En Tebas, Nemej continuó con su particular caminar por la vida mientras, sin proponérselo, alimentaba su leyenda. Cada jornada, Ra-Khepri, el sol de la mañana, le sorprendía junto a su padre echando las redes en las aguas del Nilo, y al atardecer, Ra-Atum lo observaba con curiosidad deambular por los palmerales, antes de ocultarse por los cerros del oeste para iniciar su viaje nocturno por el Inframundo. La magia que envolvía al país de las Dos Tierras parecía inmune a los avatares políticos y religiosos de aquella época convulsa, pues no en vano se encontraba allí desde el principio de los tiempos, como parte consustancial de aquel valle. La magia daba sentido a Egipto, y todas las criaturas que allí vivían se alimentaban de ella, hasta conformar un universo de dioses con aspecto monstruoso del que participaban todas las especies; cual si fuesen garantes del orden cósmico establecido por los padres creadores.

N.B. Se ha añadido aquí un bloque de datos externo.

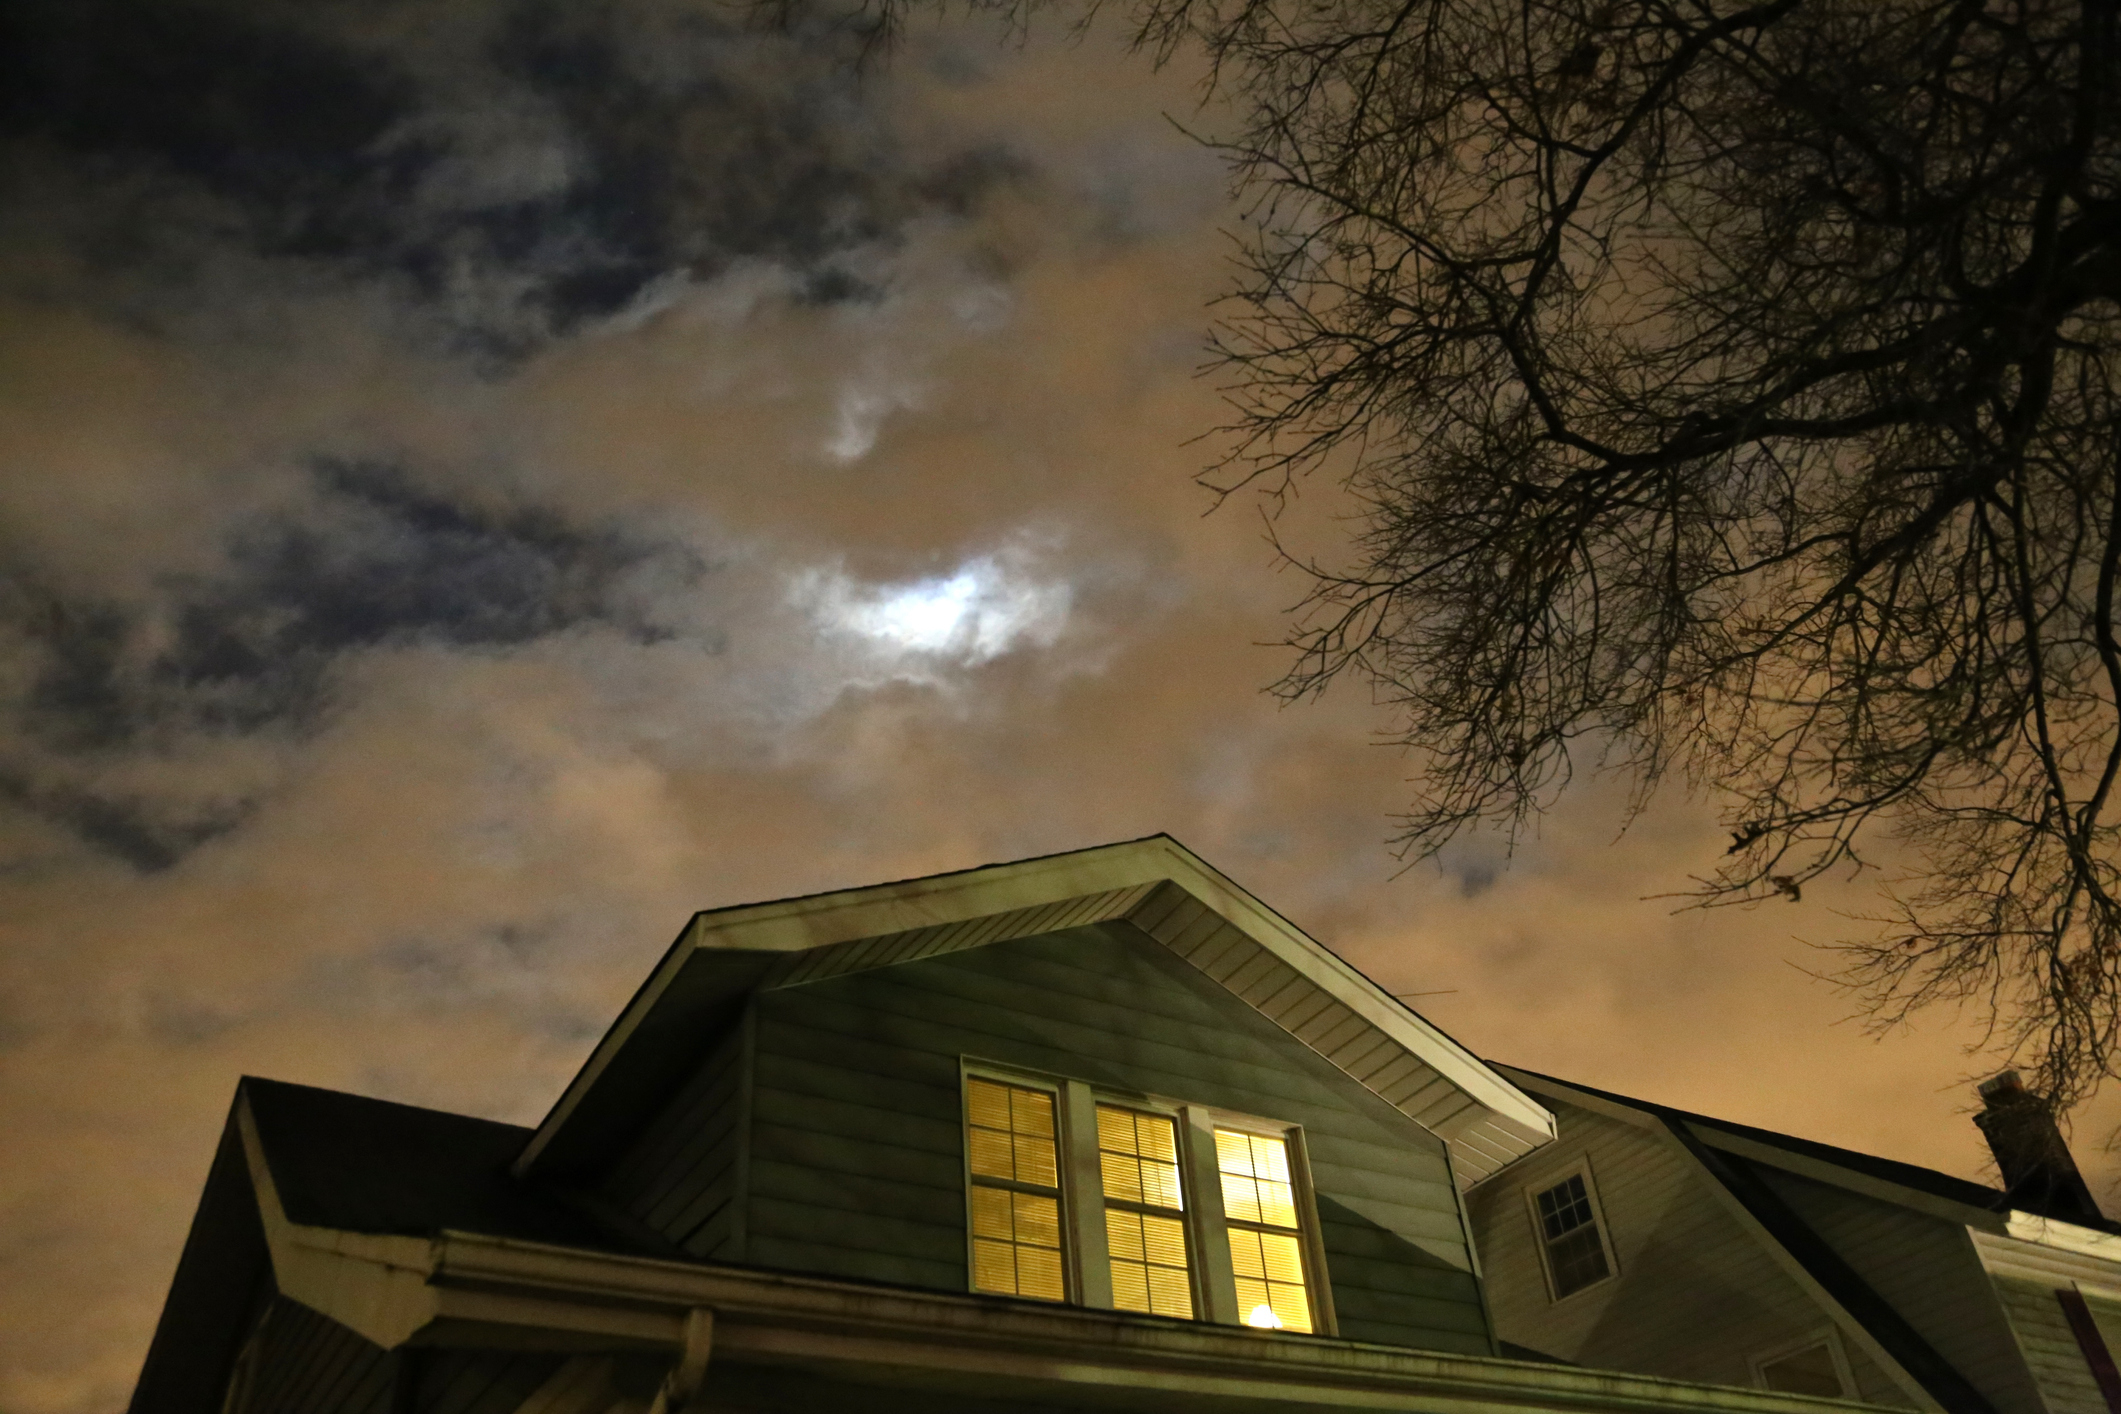 Night sky with clouds partially covering the moon above a house with lit windows
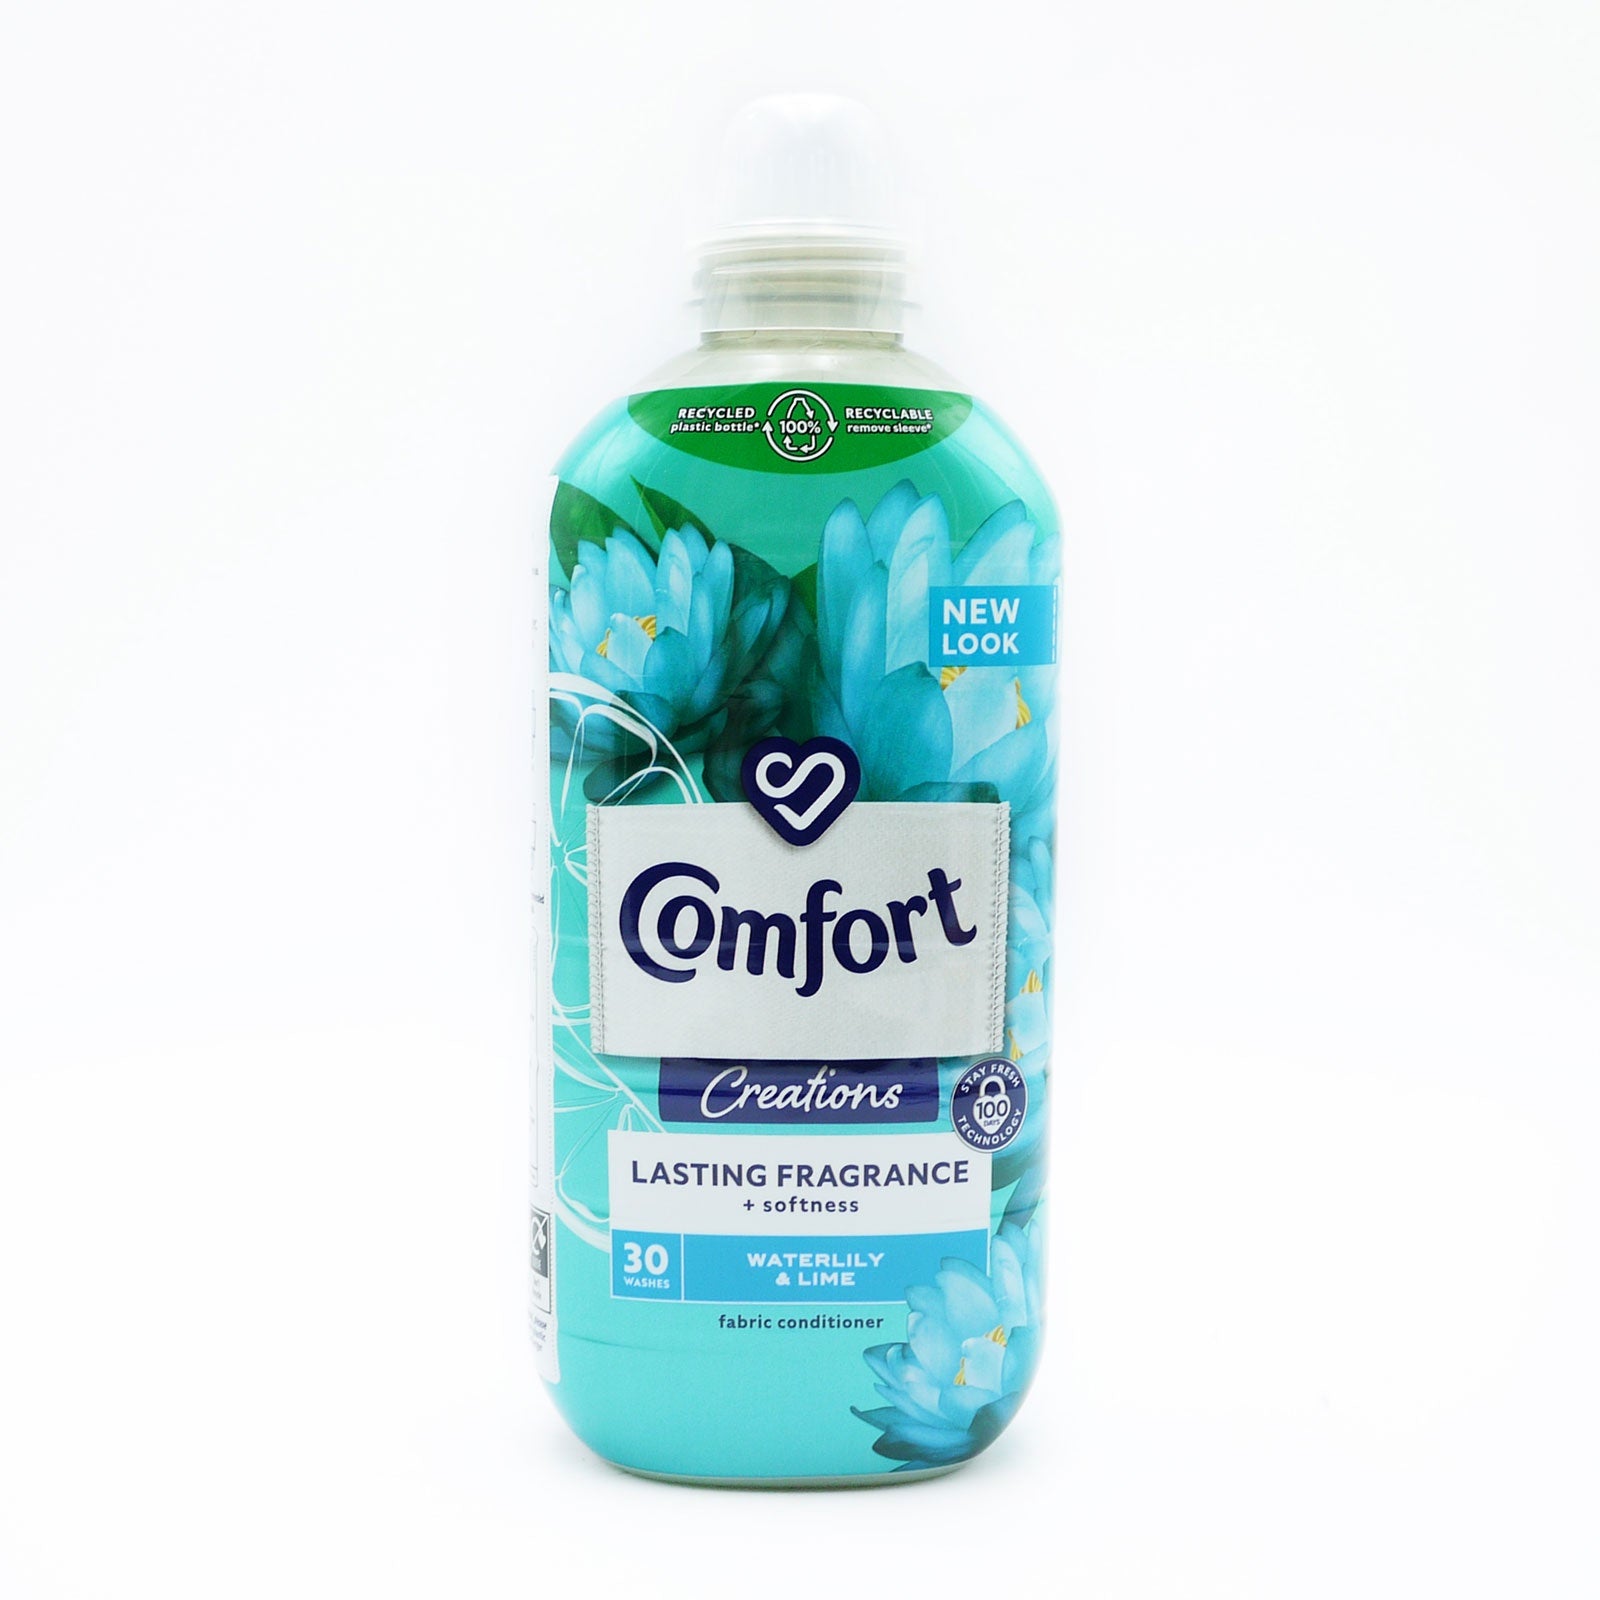 Comfort  Creations Fabric Conditioner Waterlily 30w*

Nada era posible sin la magia, y este pensamiento estaba tan arraigado entre las gentes que resultaba imposible no ver su concurso en cualquier hecho que resultara significante. Ese sería el origen de la leyenda que acompañaría a Nemej durante toda su vida; un misterio cuya explicación solo estaba al alcance de los dioses.
Nemej forjó su historia ajeno a todos aquellos juicios. Jamás se preguntaría por qué parecía inmune a los peligros que acechaban a los habitantes del Valle, o a las enfermedades que se cobraban vidas a diario. Sin proponérselo generaba una extraña conexión con otras especies difícil de entender; una suerte de empatía irracional que le llevaba a comportarse con despreocupación allí donde habitaba el peligro. Los campesinos atestiguarían verlo recorrer los campos de cultivo abandonados, donde abundaban las cobras, sin temor alguno, y muchos asegurarían que incluso llegaba a jugar con ellas, permitiendo que reptaran por sus miembros como si tal cosa, e incluso les hablaba.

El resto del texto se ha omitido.